### WHAT IS REQUIRED
Please reproduce exactly, and only, the lines from the one with "Bộ bàn ghế xi măng nhẹ B11BG" through the last line of the listing below, both ends included, leaving out the pictures.

### GIVEN INFORMATION
--- START ---

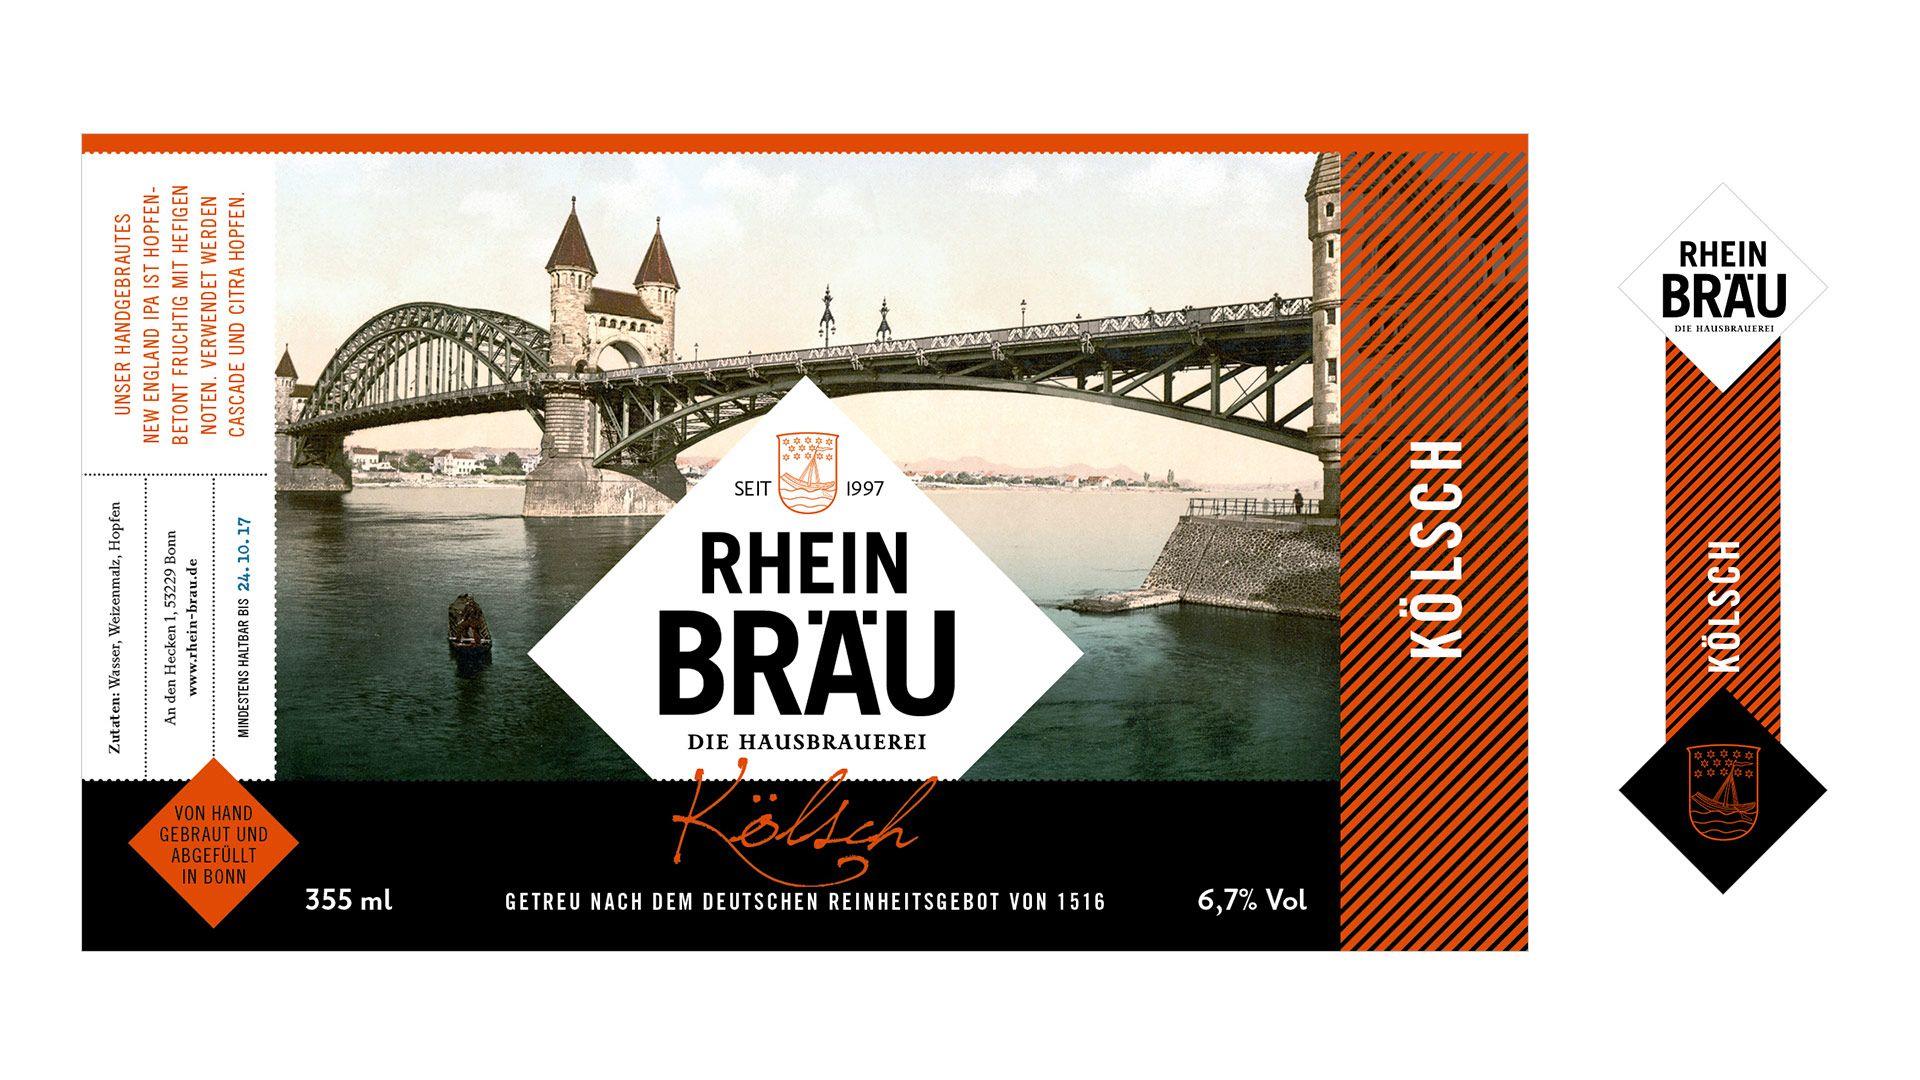 Rhein Bräu - Kölsch
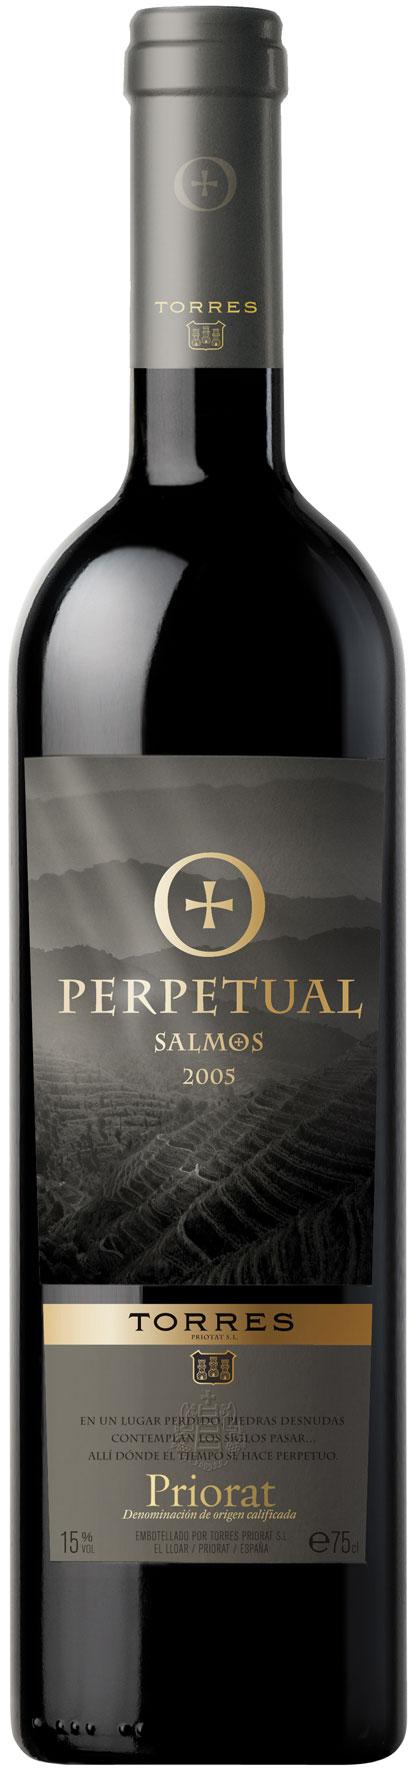 Torres Perpetual 2014
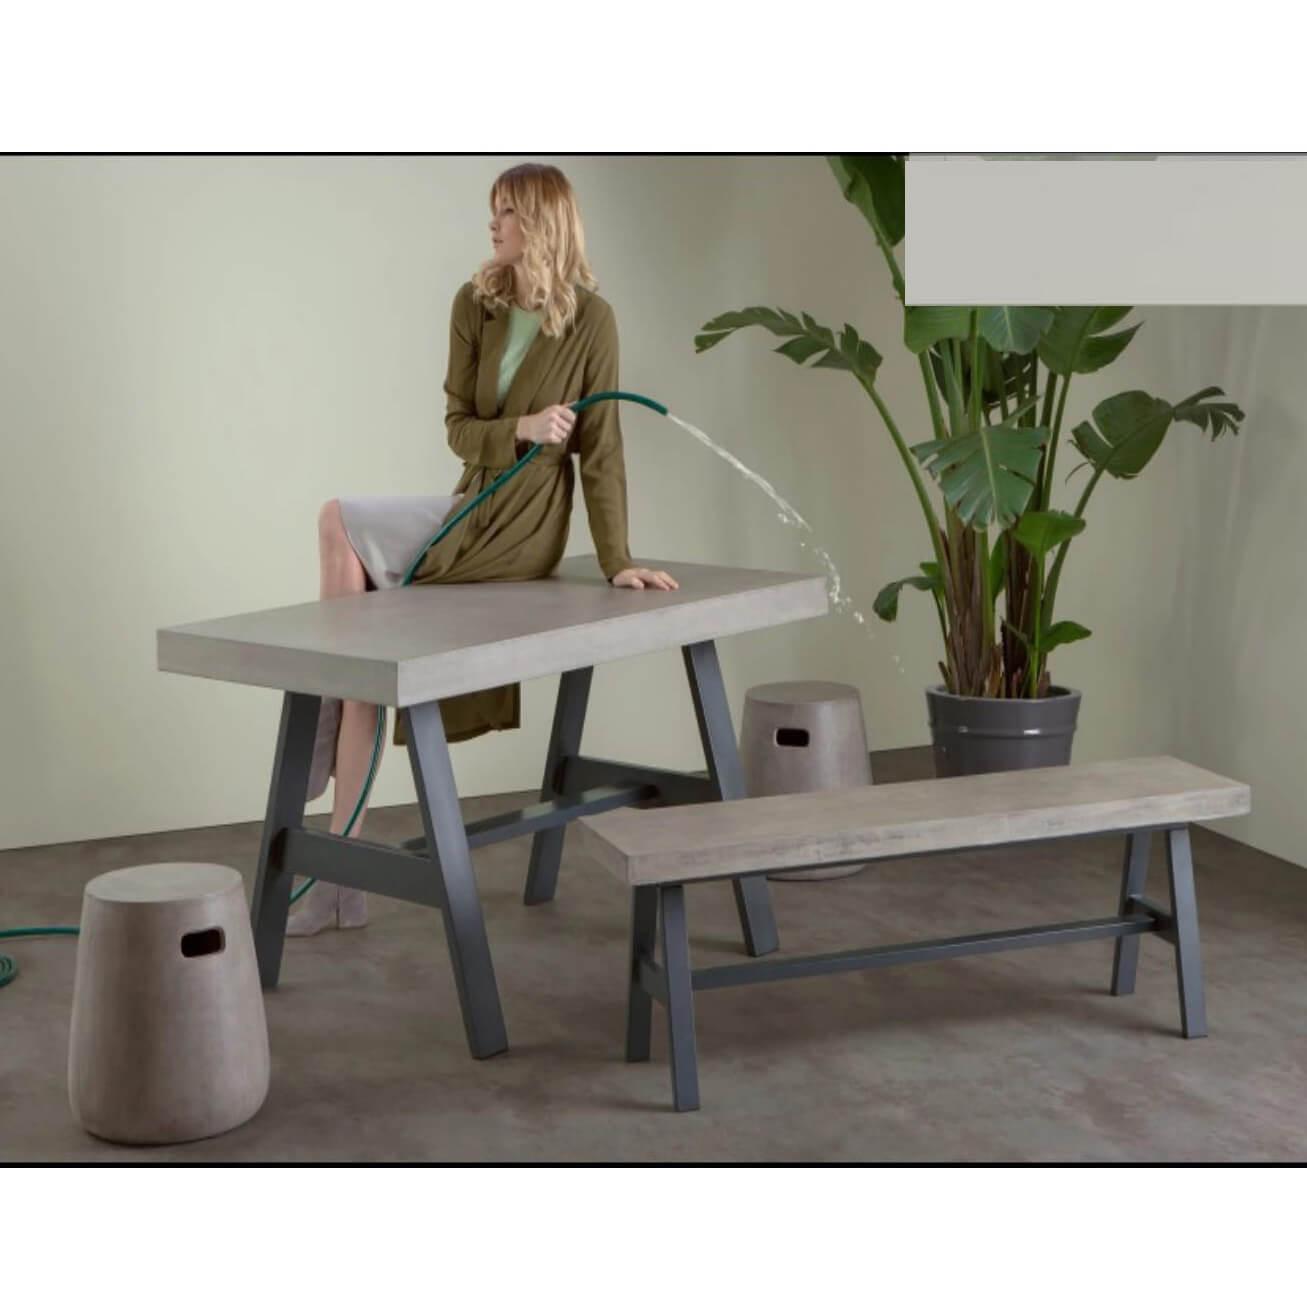 Bộ bàn ghế xi măng nhẹ B11BG
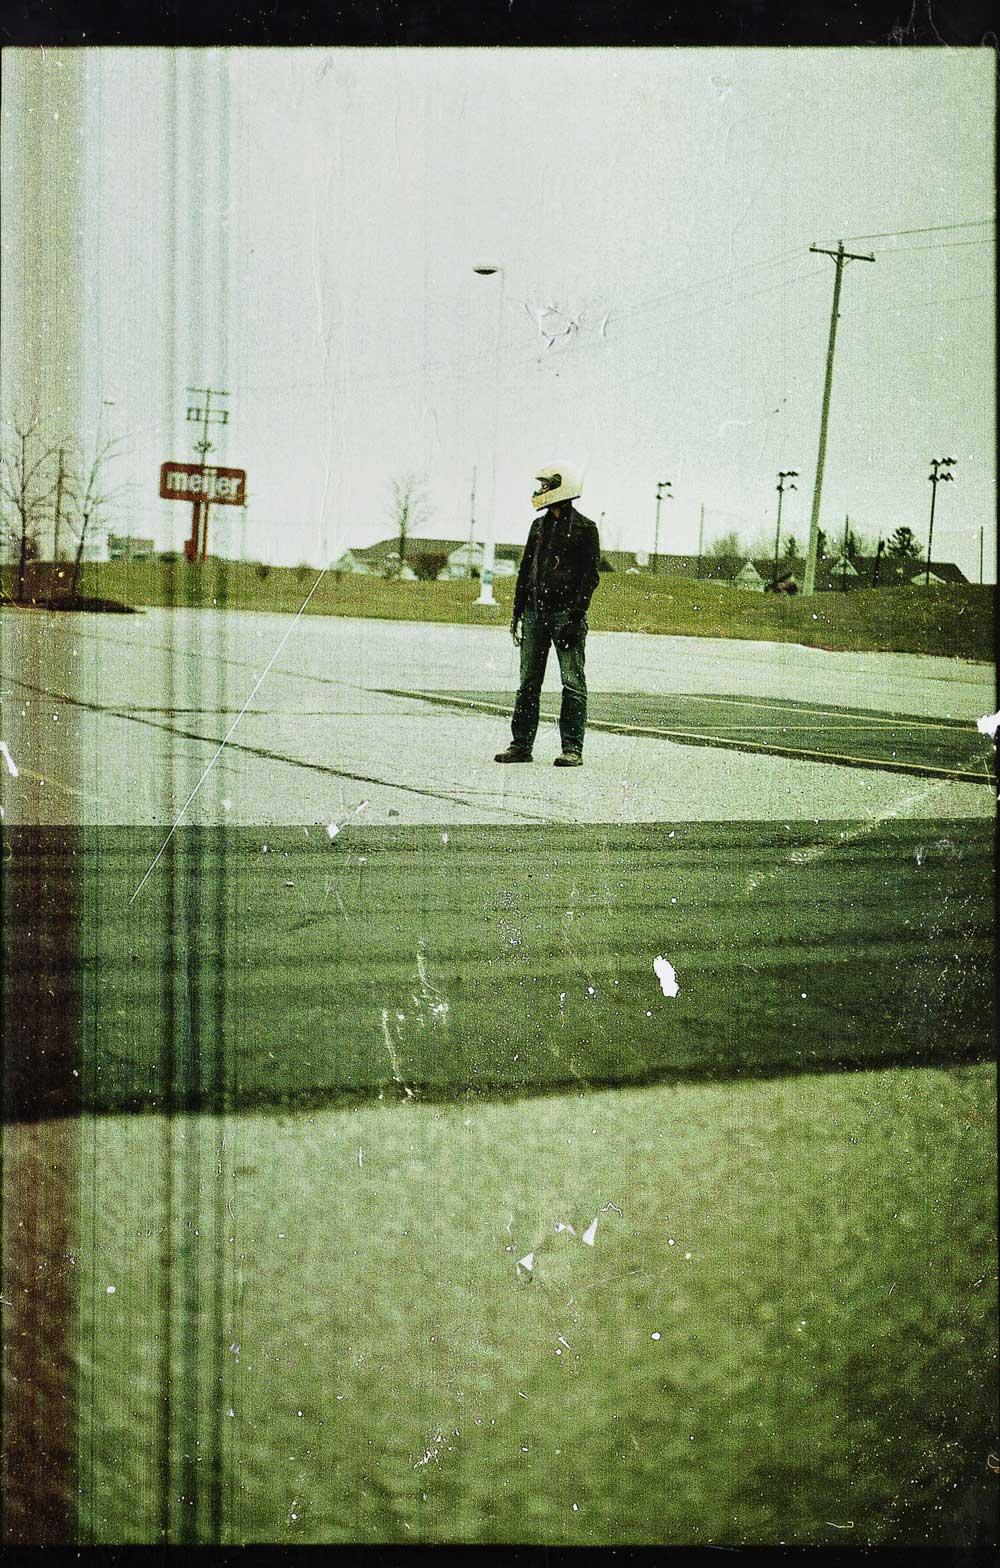 Dan Streeting - Memories of the Future #30

--- END ---

### SOLUTION FOR THIS PROBLEM
 Bộ bàn ghế xi măng nhẹ B11BG
 Dan Streeting - Memories of the Future #30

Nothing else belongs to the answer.